Cellular Mechanisms of IF in TNBC
In vitro and in vivo studies showed that fasting conditions disrupt cell cycles and migration by affecting cell cycle- and EMT-related proteins, impacting cell viability. Identifying fasting-sensitive and resistant cancer cell types could optimize IF as an adjuvant cancer treatment. IF was shown to target EMT-related proteins such as vimentin and β-catenin in TNBC cells, reducing their expression and thus potentially limiting cancer cell migration and invasion.
Systemic Effects of IF on Metabolic Parameters
IF was found to reduce high-fat diet (HFD)-induced blood glucose and cholesterol levels, consistent with clinical trials demonstrating reduced blood glucose levels in breast cancer patients undergoing IF. The fasting condition’s ability to lower plasma glucose may critically affect cancer cell survival due to the Warburg effect, where cancer cells exhibit enhanced glucose uptake and conversion to lactic acid.

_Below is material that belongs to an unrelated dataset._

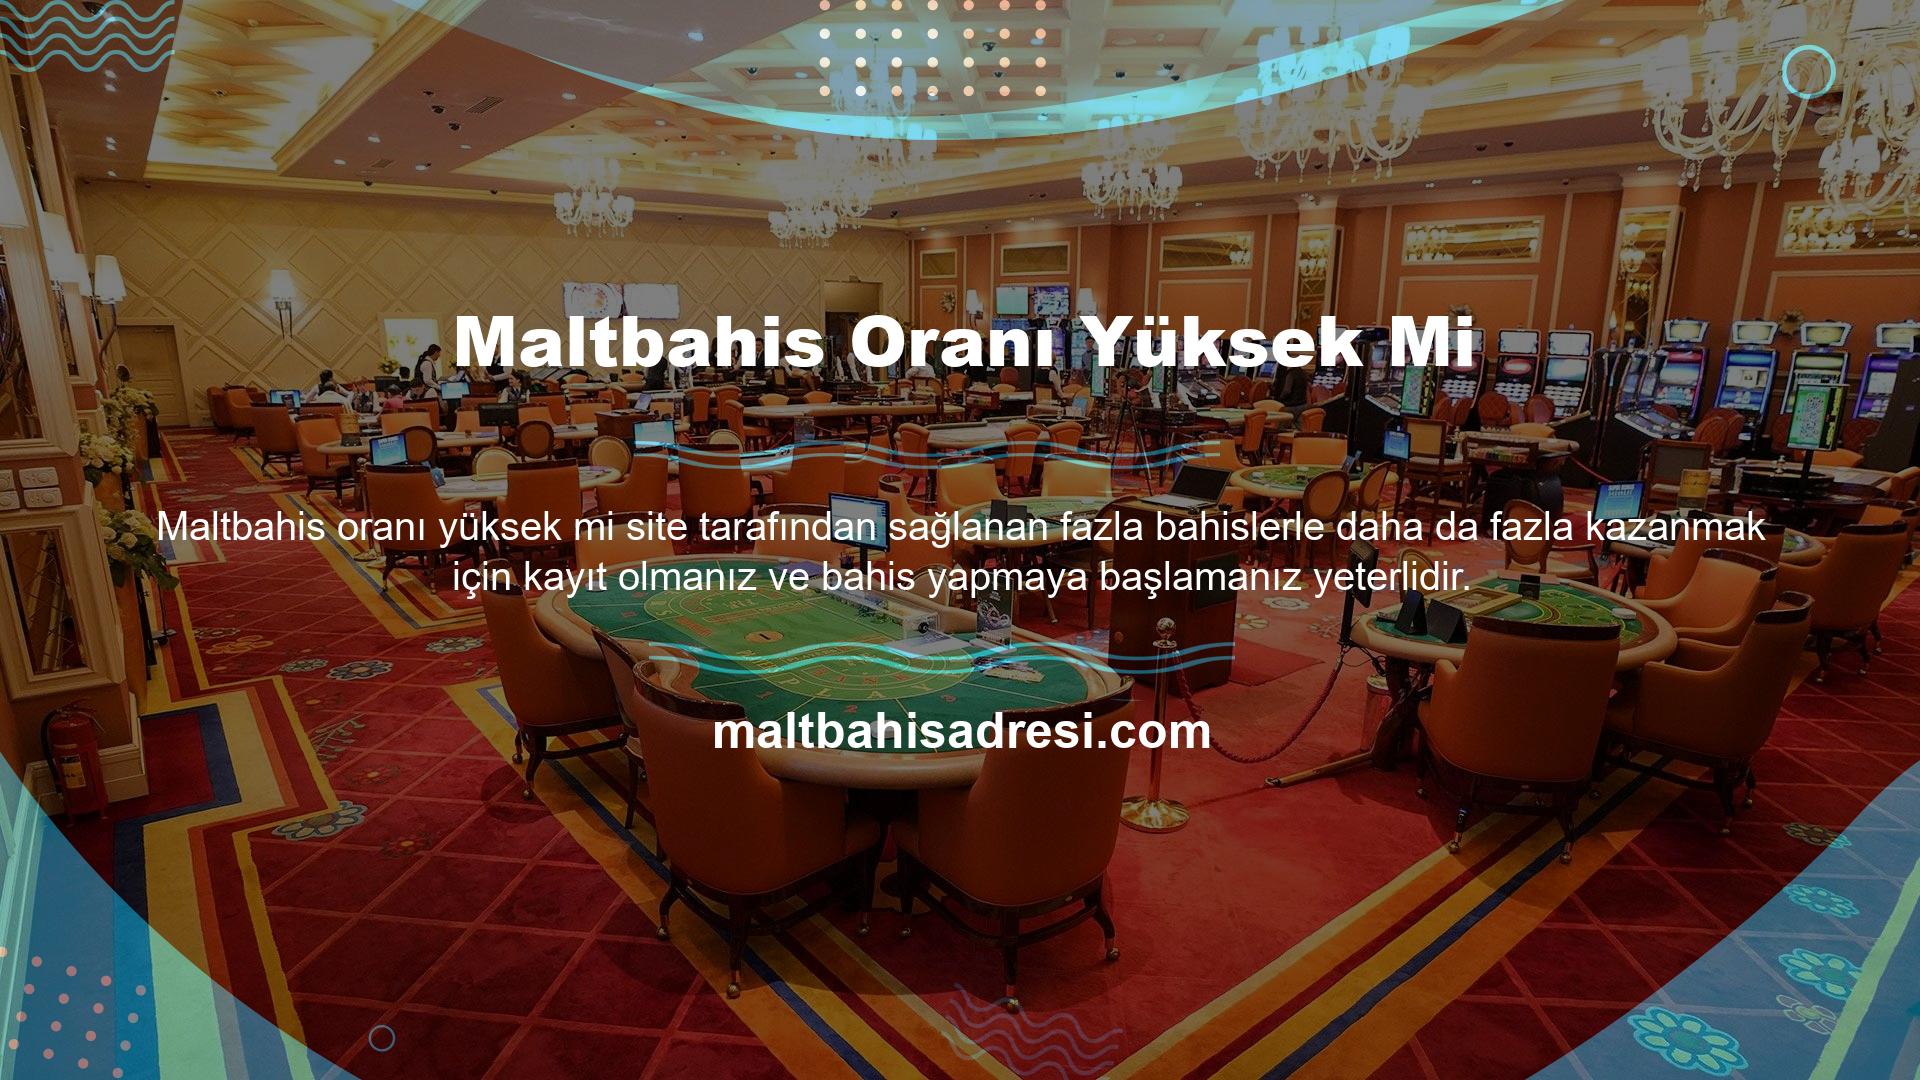 Mevcut Maltbahis web sitesi giriş adresi Maltbahis

Immune Modulation by IF in TNBC
The study highlighted that IF reduces Mφ accumulation in the tumor microenvironment, potentially decreasing chronic inflammation and suppressing TNBC progression. IF also modulates other immune cells and inflammatory factors, indicating its potential to enhance anti-tumor immunity.
Conclusion and Future Perspectives
The research underscores the critical role of IF in targeting obesity-induced TNBC progression by modifying the tumor microenvironment and systemic metabolic parameters. While the study’s mouse models provide valuable insights, further clinical studies are necessary to fully understand and optimize IF’s therapeutic potential for cancer patients. IF emerges as a promising strategy to enhance cancer treatment efficacy, improve patient outcomes, and reduce the obesity burden in cancer progression.